Comment 13 for bug 680529

Revision history for this message
John A Meinel (jameinel) wrote : Re: [Bug 680529] Re: "Lock was renamed into place, but now is missing"

-----BEGIN PGP SIGNED MESSAGE-----
Hash: SHA1

On 1/25/2011 7:06 AM, Daniel Bela wrote:
> Hi again,
>
>> Yes, that's probably what it is, and that's probably what would fix
>> it. If you would like to try a patch to the point it works reliably
>> on your network, I will help you finish and land it. Basically you
>> just need to insert a loop (perhaps up to say 5 times), and a
>> time.sleep() in lockdir.py.
>
> well, I probably have to give it a try. Could you point me to the function in which I would insert the loop?
> Is that lock_write(), or lock_read(), or unlock()?
>
> I'm in no way a programmer, so this is kind of hard for me. But I'll try
> for sure...
>
> Regards
> Bela
>

It would be in bzrlib/lockdir.py

As part of _attempt_lock (on line 251), you can see that it calls
"self.peek()" to check that we actually managed to lock correctly.

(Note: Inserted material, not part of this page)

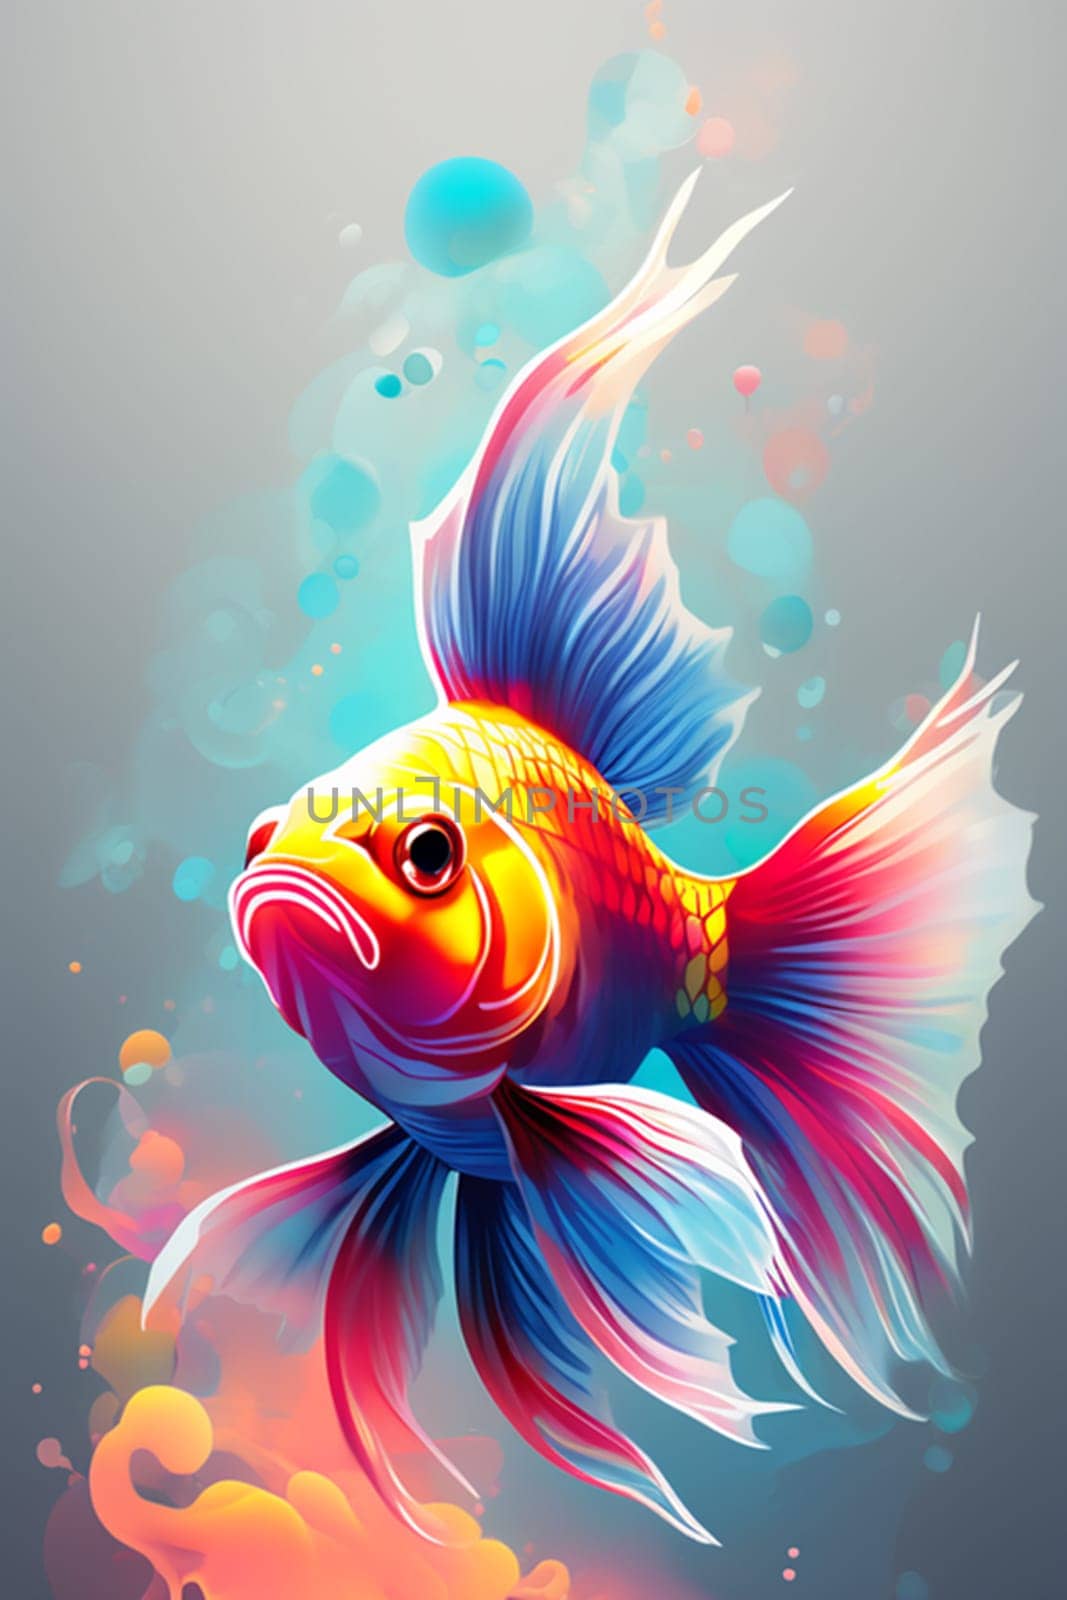 Goldfish in neon color in pop art style. Minimalist style, neon line logo, depicting a mosaic fish surrounded by vibrant smoke effects. by Ekaterina34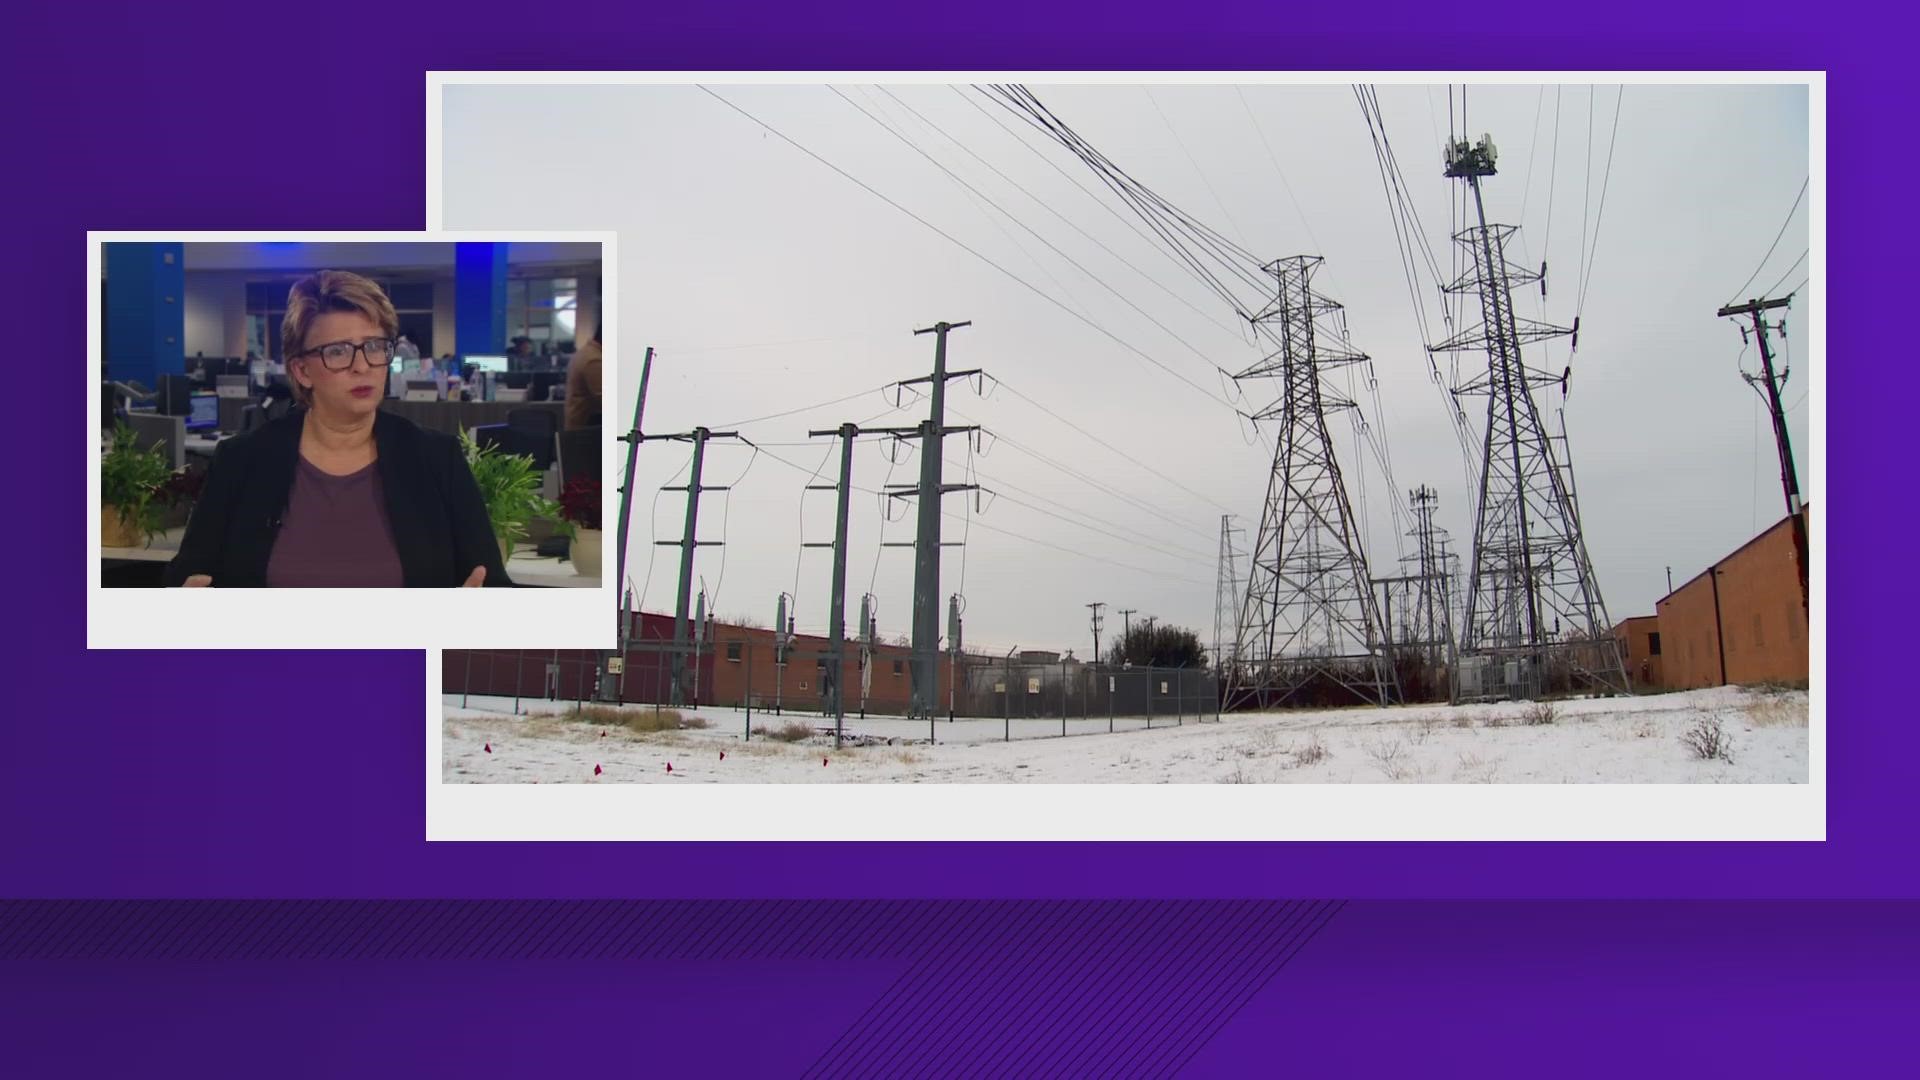 WFAA investigative reporter Tanya Eiserer provides an update on how the 2023 winter storm is impacting the Texas power grid.

My guess is that the earlier "self.transport.rename()" call is
succeeding, but that by the time we try to peek() we have failed to find
the file.

You could potentially put the wait loop in either peek or in
_attempt_lock. Though I'll mention that there are quite a few callers of
peek, but I haven't thought through whether it would be appropriate for
them to block for a few seconds if they can't find the file (some of
them probably not).

To help in debugging this in the future, I would probably also add a
mutter('After successfully renaming the lock, we failed to find a lock
file, trying again in %.1f seconds.')

Or something along those lines.

As long as it doesn't slow down the common case of the lock file
appearing immediately, we could probably wait a second or two.

Note that if we can't obtain the lock in the first place (it is already
held), we default to waiting up to 30 seconds, polling every 1.0s to see
if the lock has been released. I think those numbers are now a bit too
high, but that does give a baseline we can think about.

I would probably peek every 100ms for at most 1.0s, but really it
depends on your filesystem consistency timeout. (If it takes 10s for a
renamed file to show up at the new location, then that's how long you
have to wait.)

I would probably set those numbers as values that you can get at
externally (like _DEFAULT_TIMEOUT_SECONDS), and we might consider having
them as a configuration setting.

John
=:->

-----BEGIN PGP SIGNATURE-----
Version: GnuPG v1.4.9 (Cygwin)
Comment: Using GnuPG with Mozilla - http://enigmail.mozdev.org/

iEYEARECAAYFAk0/IiwACgkQJdeBCYSNAAPXgwCfXDKeKy/1hf5GYmcm74h8e1io
/SQAoJkMEoQQayCteWjbUFvUjO0Bj6QT
=uvaE
-----END PGP SIGNATURE-----